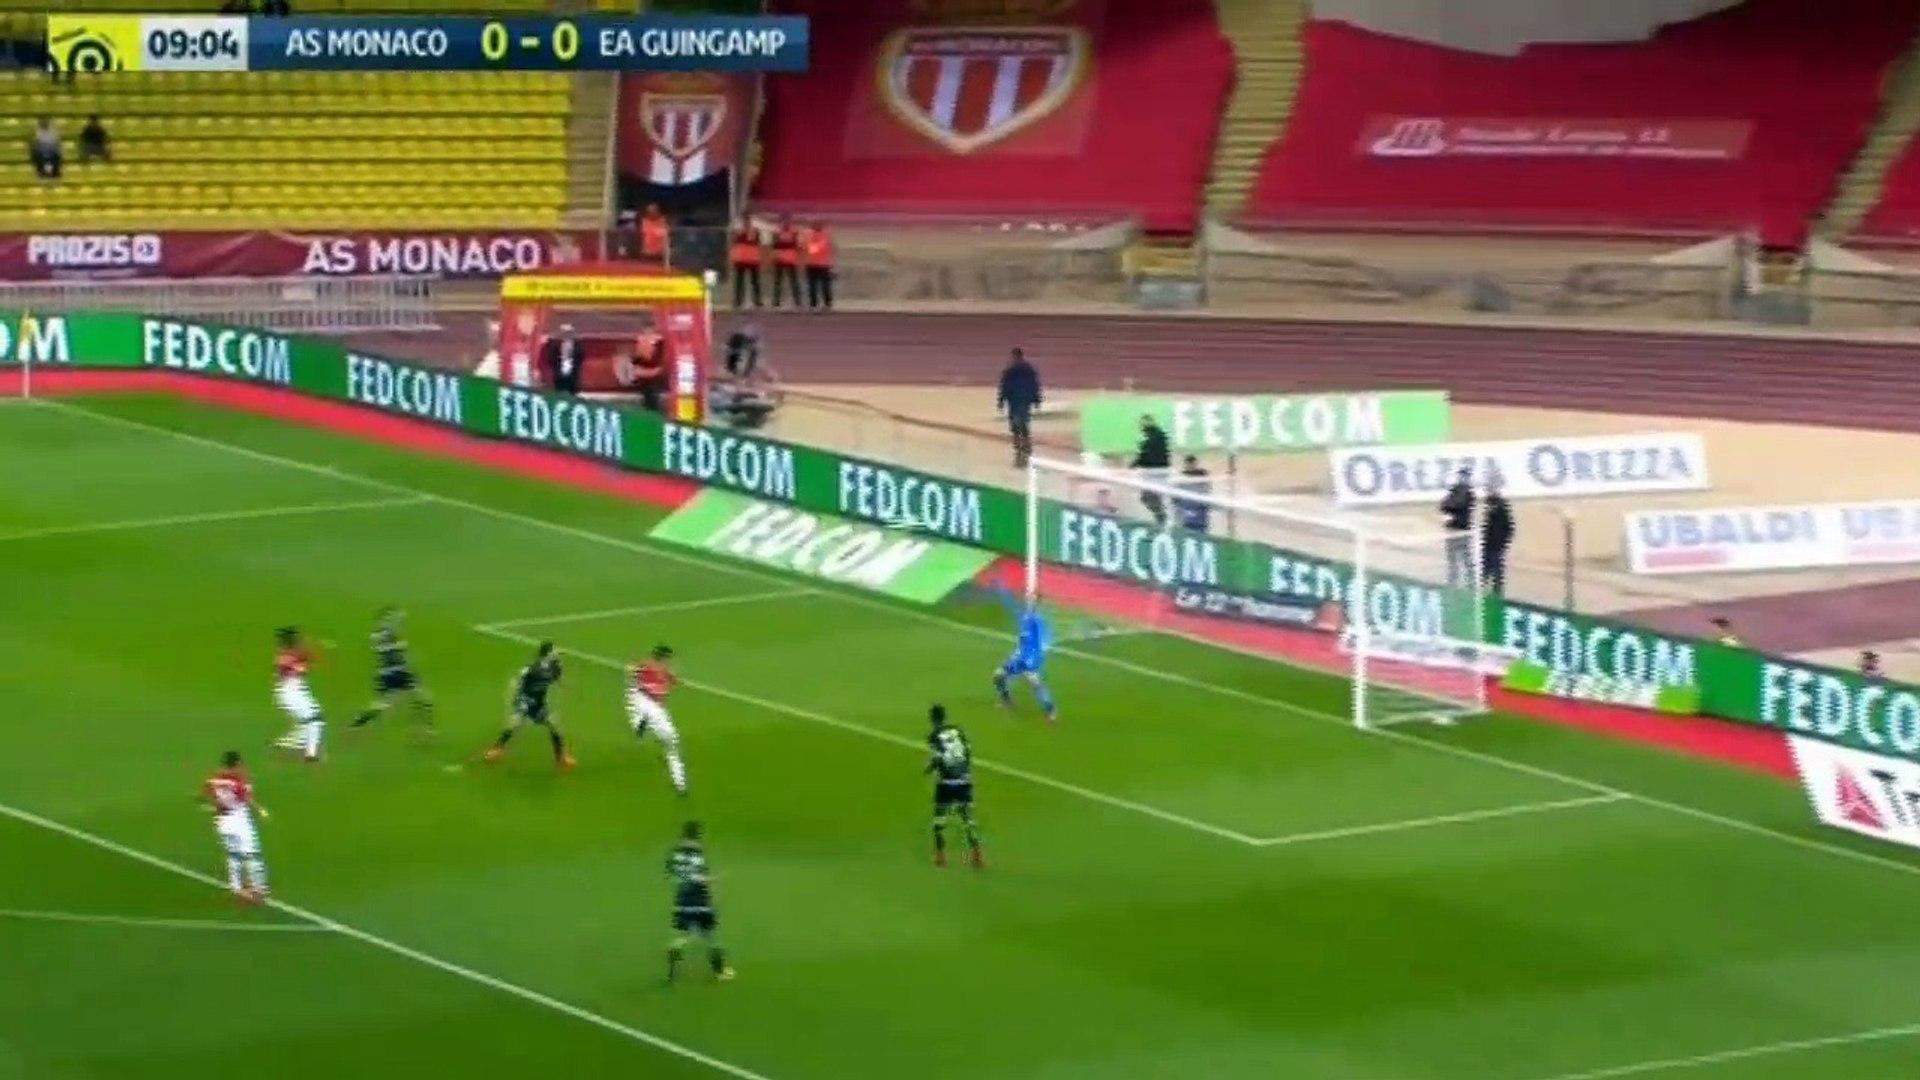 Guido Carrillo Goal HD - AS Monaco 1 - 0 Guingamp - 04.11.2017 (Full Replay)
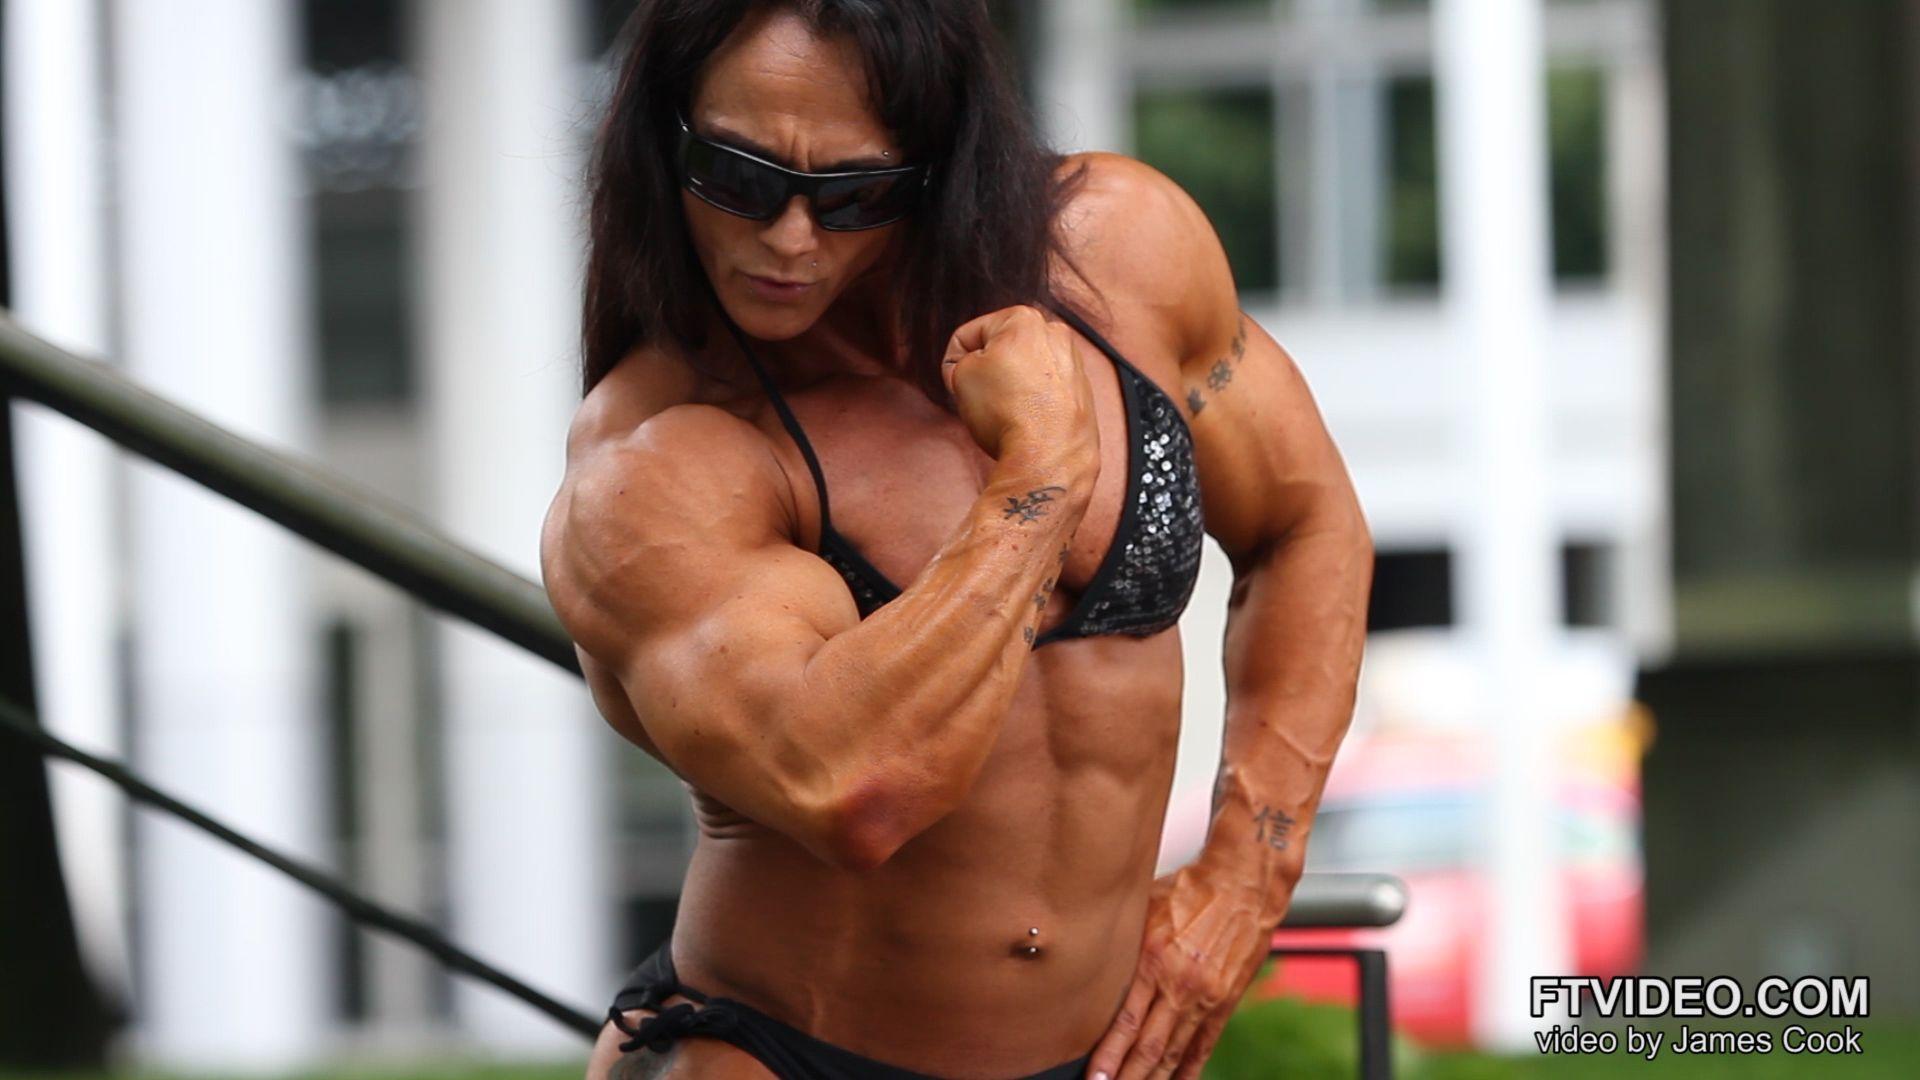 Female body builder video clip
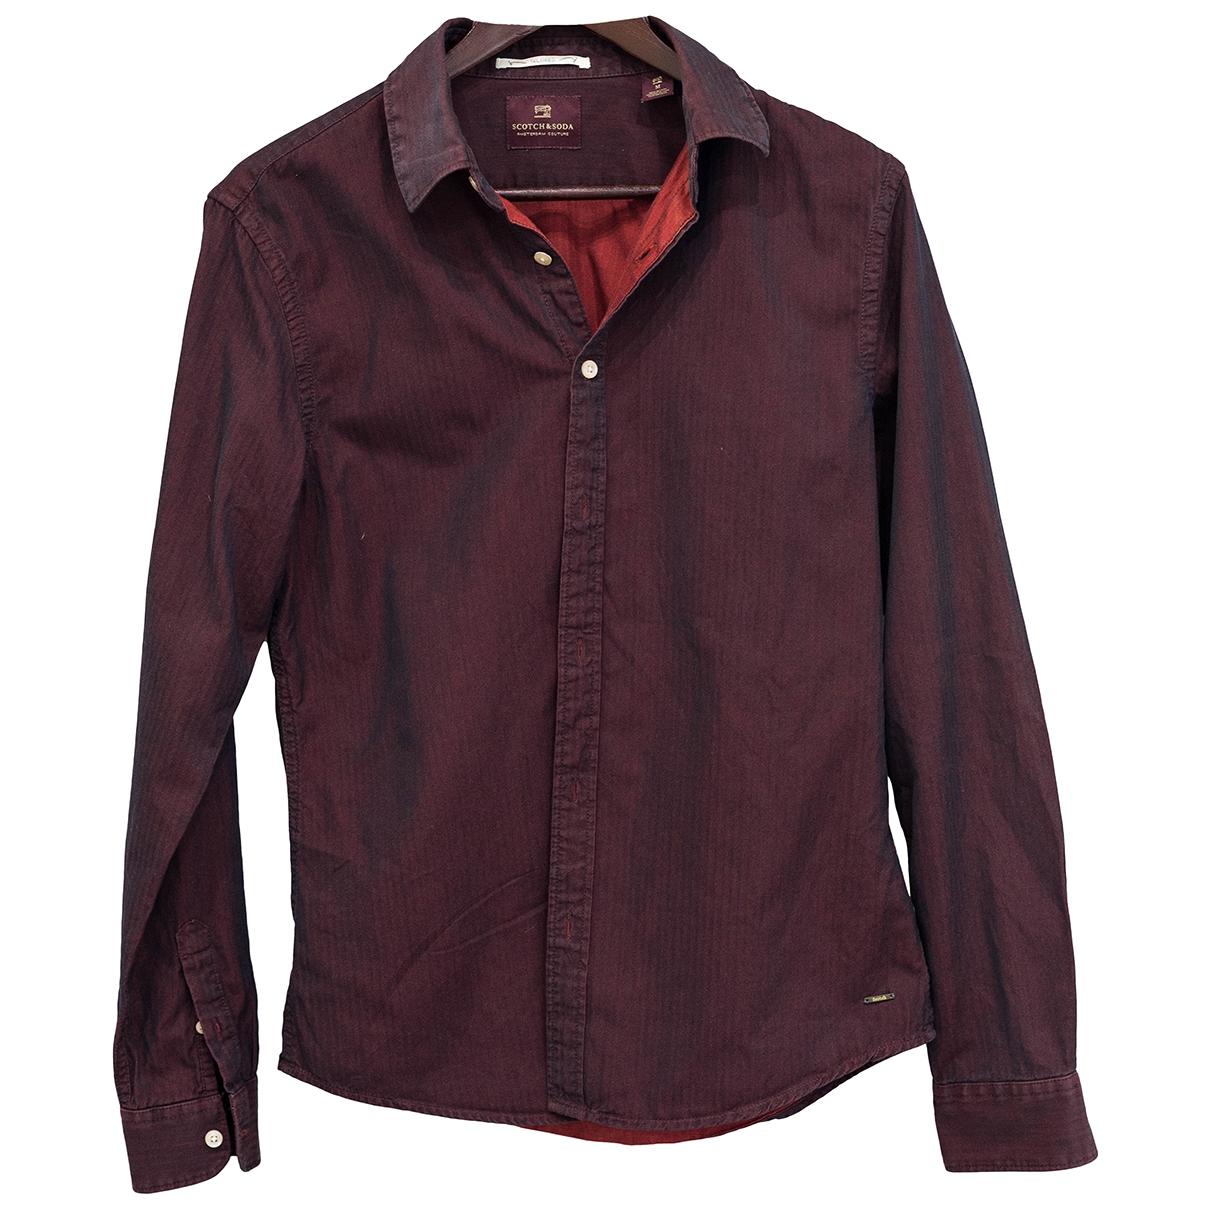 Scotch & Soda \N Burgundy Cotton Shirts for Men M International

- _Activity_: Leaving out the pictures, output the listing above exactly as given.

- _Task response_:
 Guido Carrillo Goal HD - AS Monaco 1 - 0 Guingamp - 04.11.2017 (Full Replay)
 Female body builder video clip
 Scotch & Soda \N Burgundy Cotton Shirts for Men M International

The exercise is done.